* Supplied material
****************************************

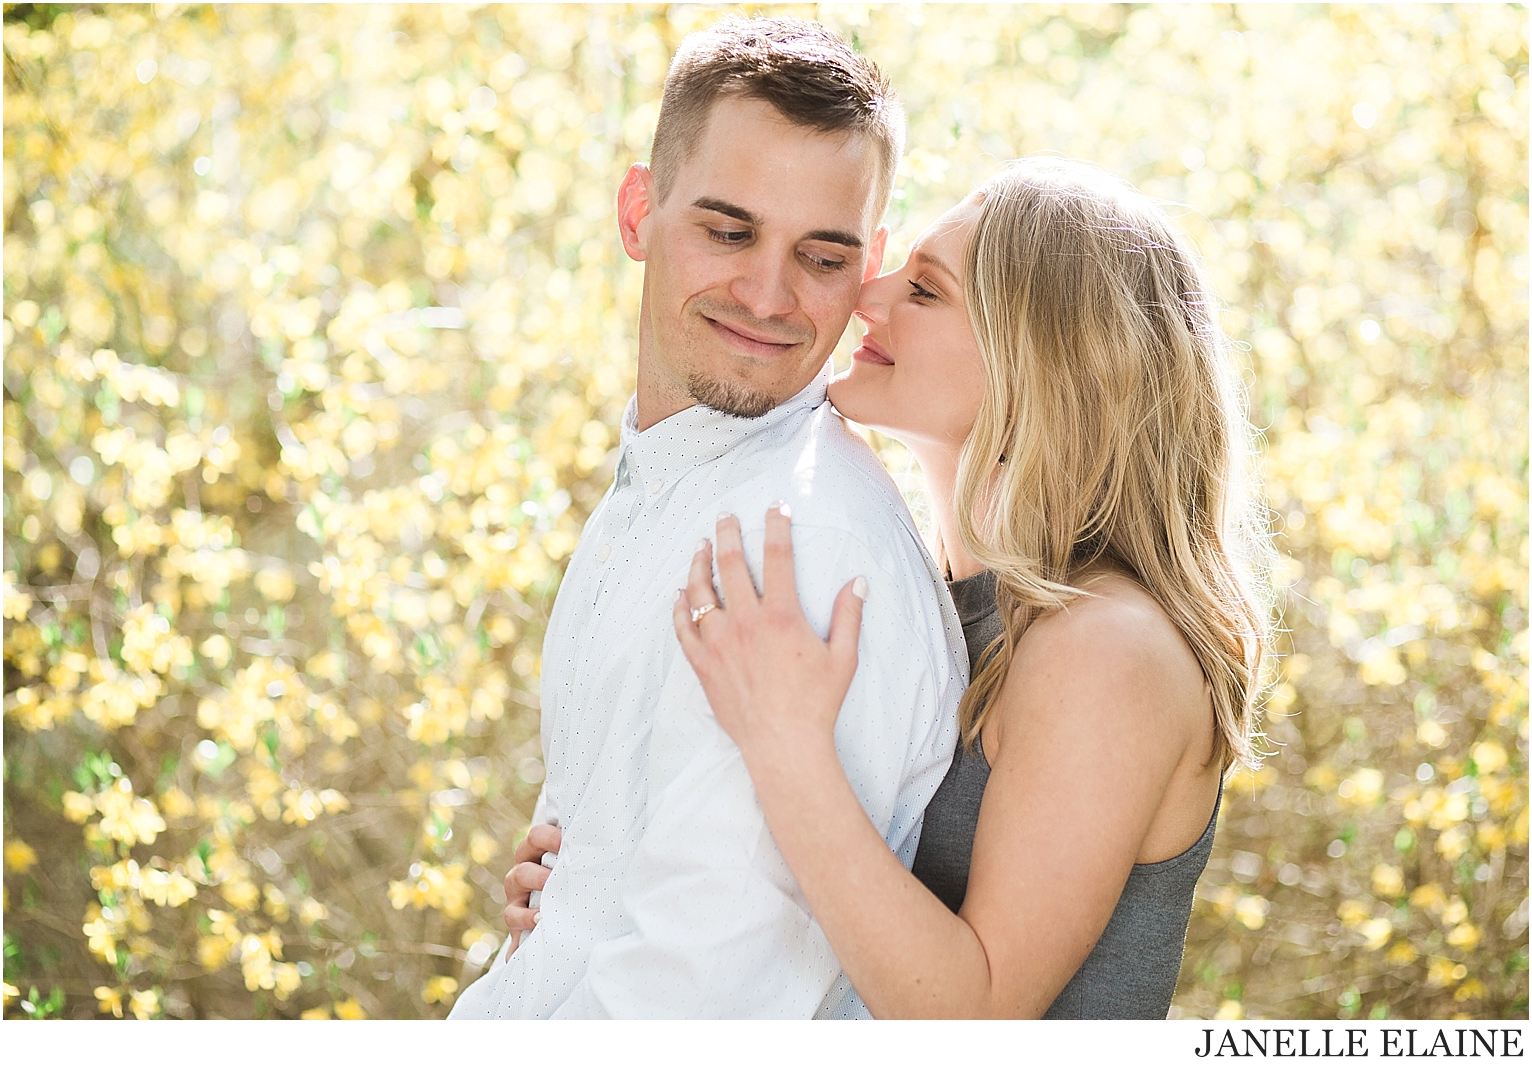 tricia and nate engagement photos-janelle elaine photography-86.jpg
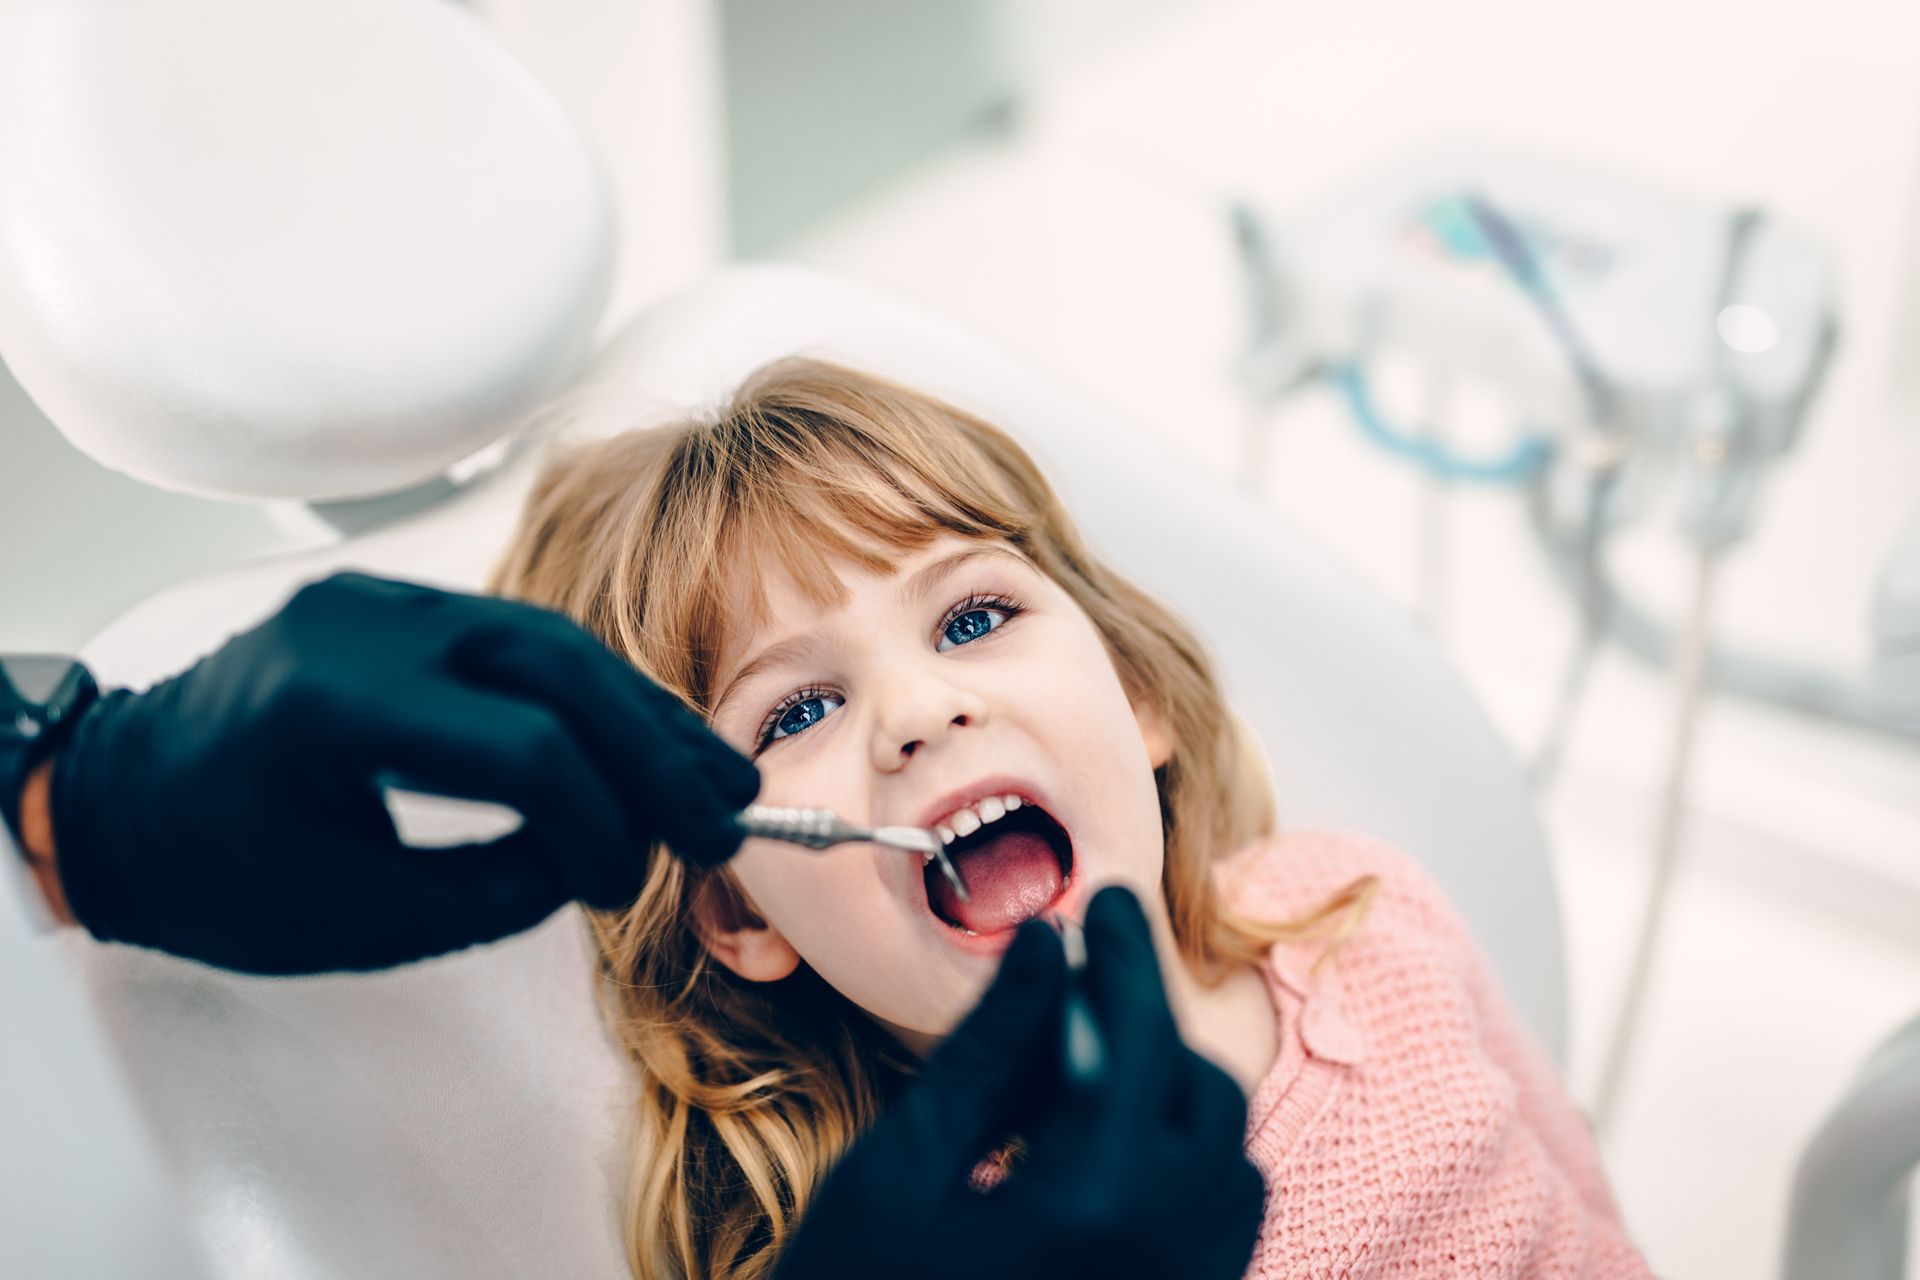 little girl smiling while sitting in dental chair look at the camera ready for her appointment
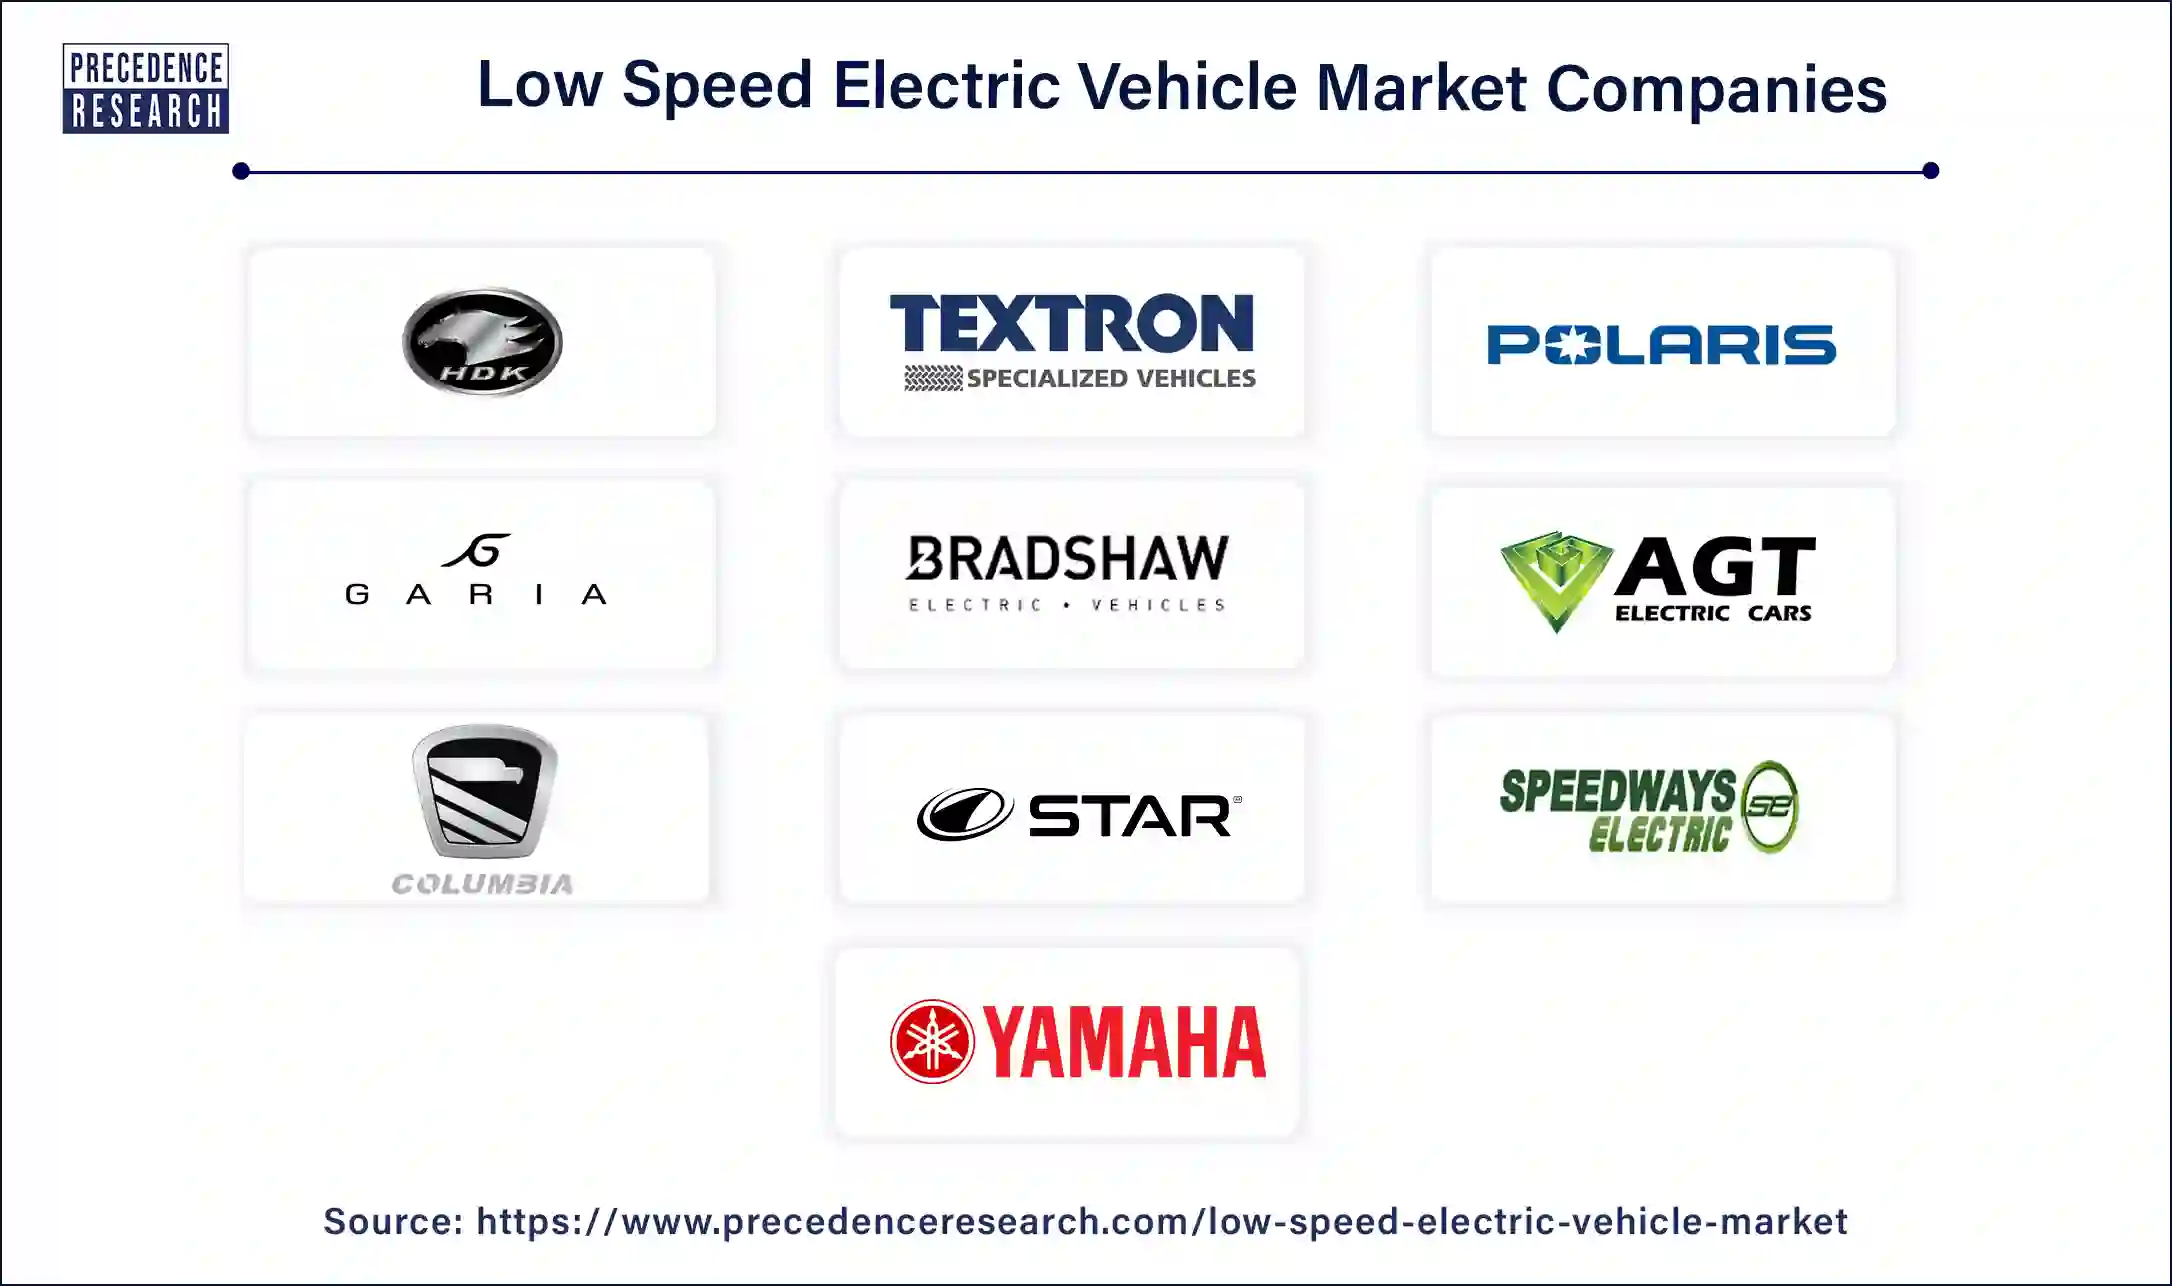 Low Speed Electric Vehicle Companies
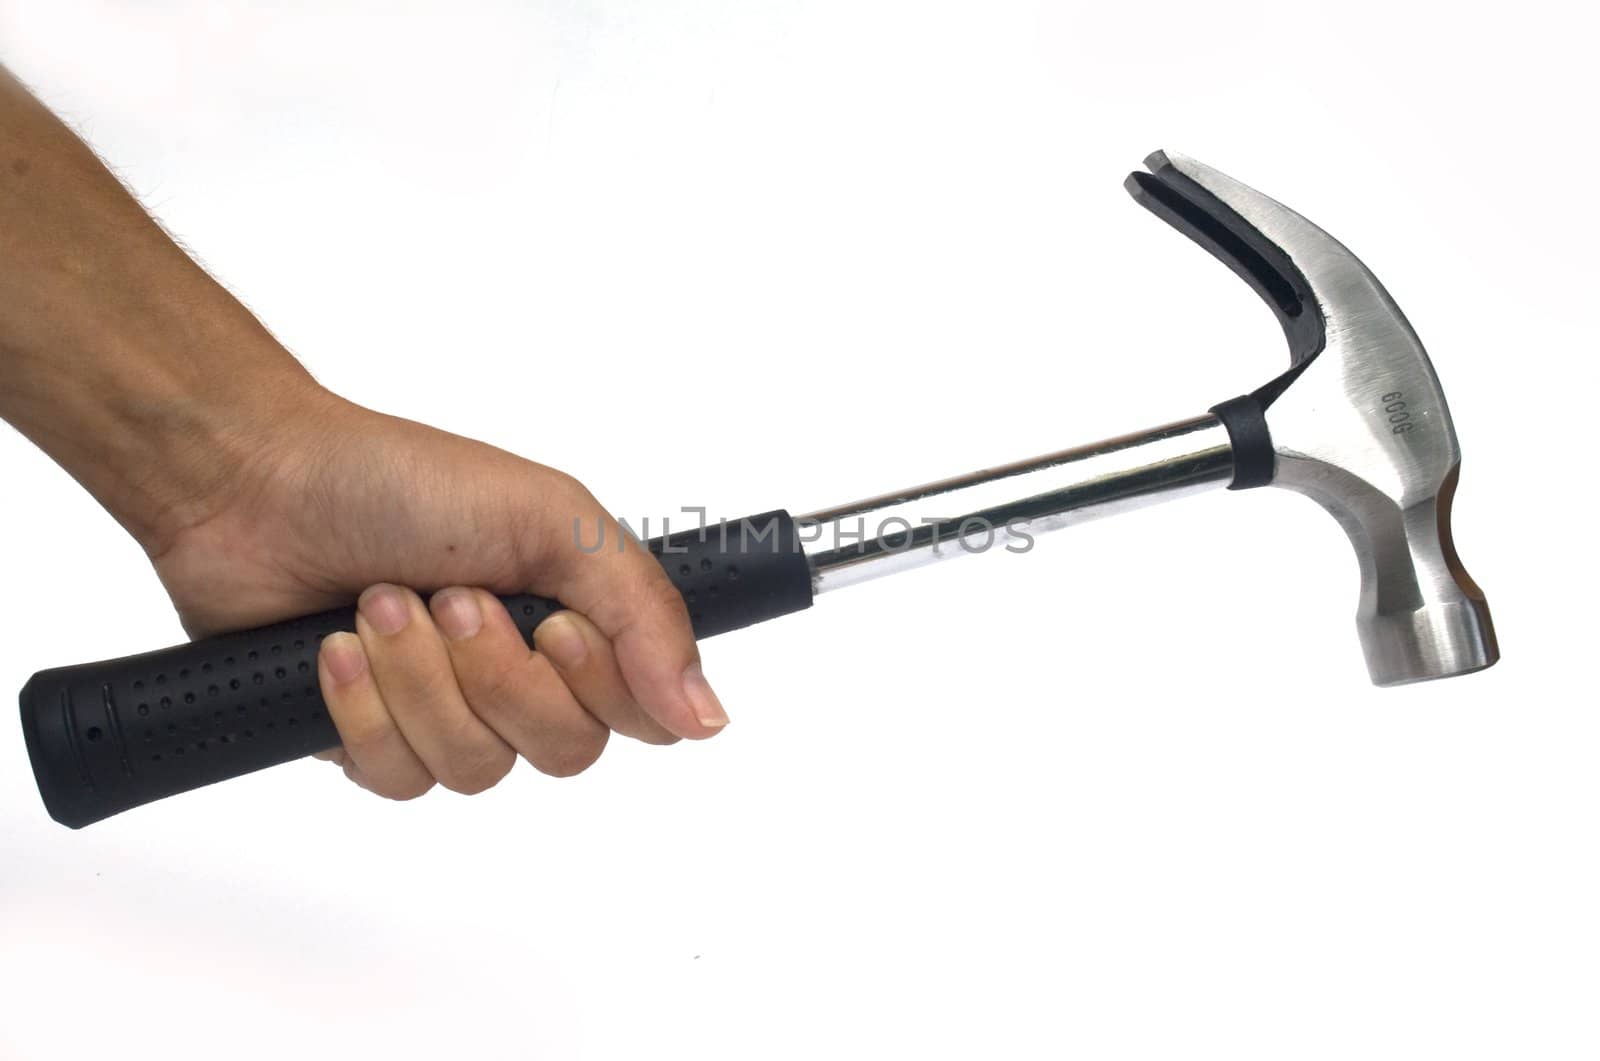 Hand holding a silver claw hammer against a white background

****************************************

* What is required
Copy out the whole listing word for word, except for any picture it includes.

* Finished exercise
 tricia and nate engagement photos-janelle elaine photography-86.jpg
 little girl smiling while sitting in dental chair look at the camera ready for her appointment
 Low Speed Electric Vehicle Companies
 Hand holding a silver claw hammer against a white background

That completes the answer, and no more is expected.